If you're a mechanical nut, you still have the Matias Tactile Pro (http://matias.ca/tactilepro3/index.php) which has the added bonus of not just the proper keycaps, but the indicators for the additional characters possible with option and shift.

1 comments

I cannot deal with the action on the "new" Apple keyboards. It's like typing on a pane of glass, it hurts like hell because you have to press the key to nearly its fullest extension to actuate it, and then your finger comes to an abrupt halt. They could be the very best scissor type keyboards ever made and I still couldn't use them for long without getting shooting pains.
You barely need to press the keys though... I guess everyone has their own tastes, but I find the modern Apple keyboards to be the best keyboards I've ever used.

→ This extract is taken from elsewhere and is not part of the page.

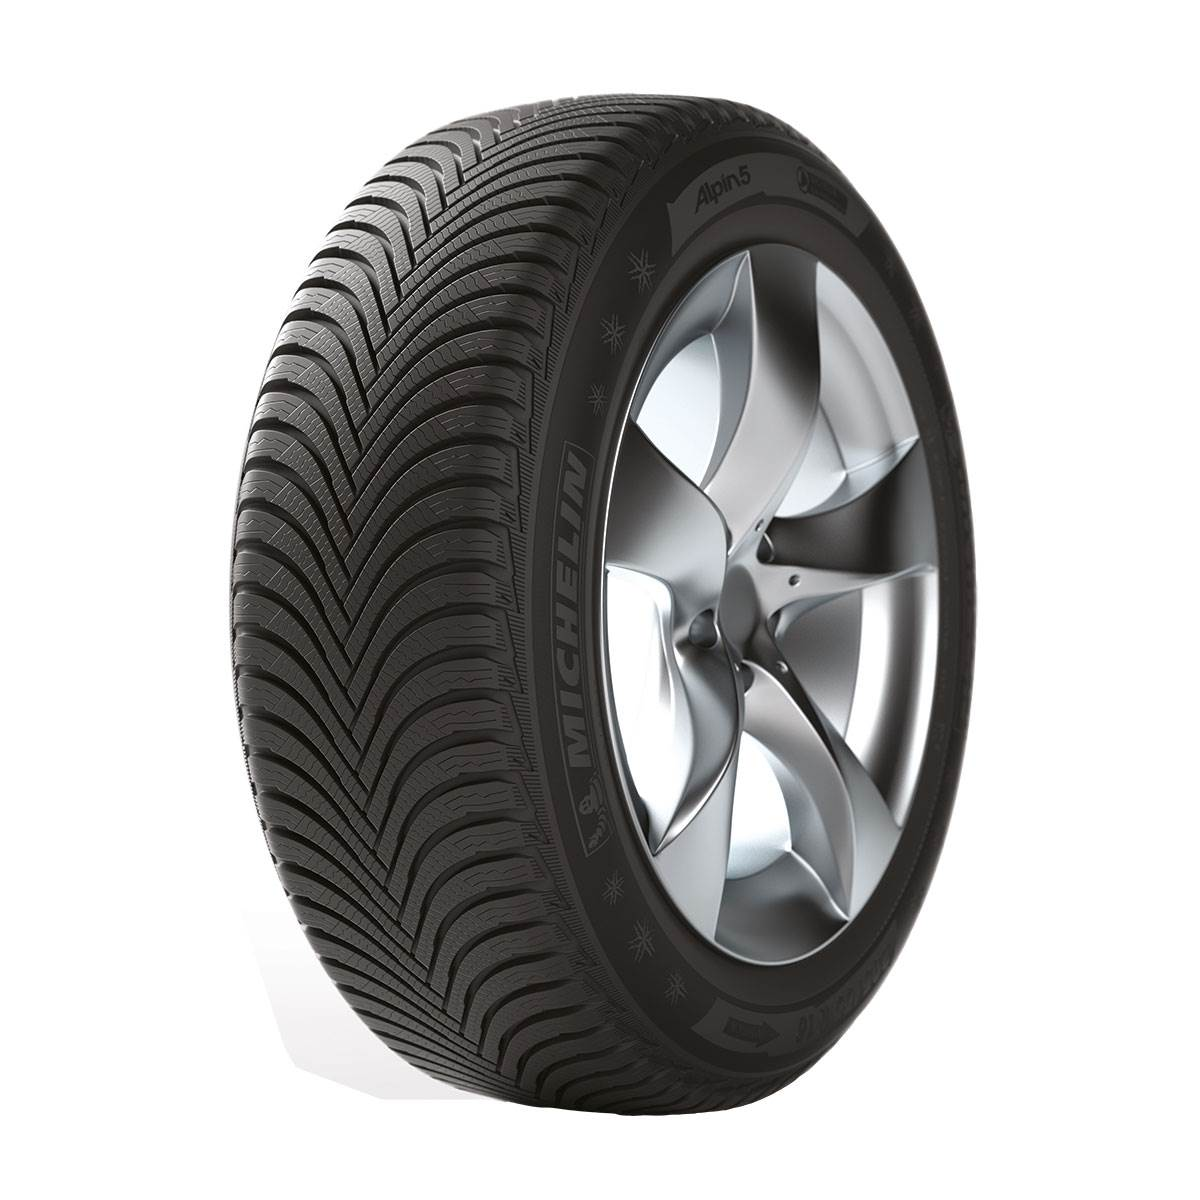 Pneu Hiver Michelin 195/60R16 89H Alpin A5

The low key travel and resistance means I apply much less strength than I would on a normal keyboard, which makes it much lighter to type on.
If you're trained to touch-type on cherry or topre keyswitches, you're not going to be able to use a non-mechanical keyboard. The muscle action is just different; you're using your muscles to slow your fingers at the bottom of each keystroke rather than applying the energy all at once to your desk. This honestly doesn't make much difference to me, but I know many people who are more sensitive that do notice the difference. To each, his own.

(Analogy: punch the wall as hard as you possibly can. Then do the same action, but slow your fist down as quickly as possible so that it doesn't hit the wall. That's the difference between membrane keyboards and Cherry/Topre/IBM keyboards.)

But the Apple keyboards are mechanical - just with less give. The analogy is more that in one case, you have to punch a heavy hanging weight and get it to hit the wall, whereas in the next case, you can just quickly flick it with your finger to achieve the same effect.

I'm "trained to touch-type" on old keyboards, since I learned to touch-type when I was a teenager playing MUDs and there were none of these newfangled Apple keyboards. And yet, I made the transition without even thinking about it. It's not an iPad keyboard, it's a real keyboard with real keys in all the right places, and you don't have to smash it quite so hard, but it's still "mechanical"...

This is the reason I've come to like them. The travel is super short so you can kind of just tap at them instead of having to hammer down. Older membrane or mechanical keyboards would require some serious effort to fully depress the key, and if you didn't develop a heavy-handed habit you'd often miss letters.

I have a pet theory that Apple's iterations of shorter, thinner, lower travel keyboards is just training us slowly for the day when a glass keyboard is the de-facto standard.

The only trouble I have with the iPad-sized keyboard, which is virtually the same in terms of layout, is that accidental taps are much easier. It's like handling a loaded gun, you can't leave your fingers lazying about. If it required a certain amount of force, just jog the motion sensor slightly, and had a slight tactile feel to the keys, it might end up being even better.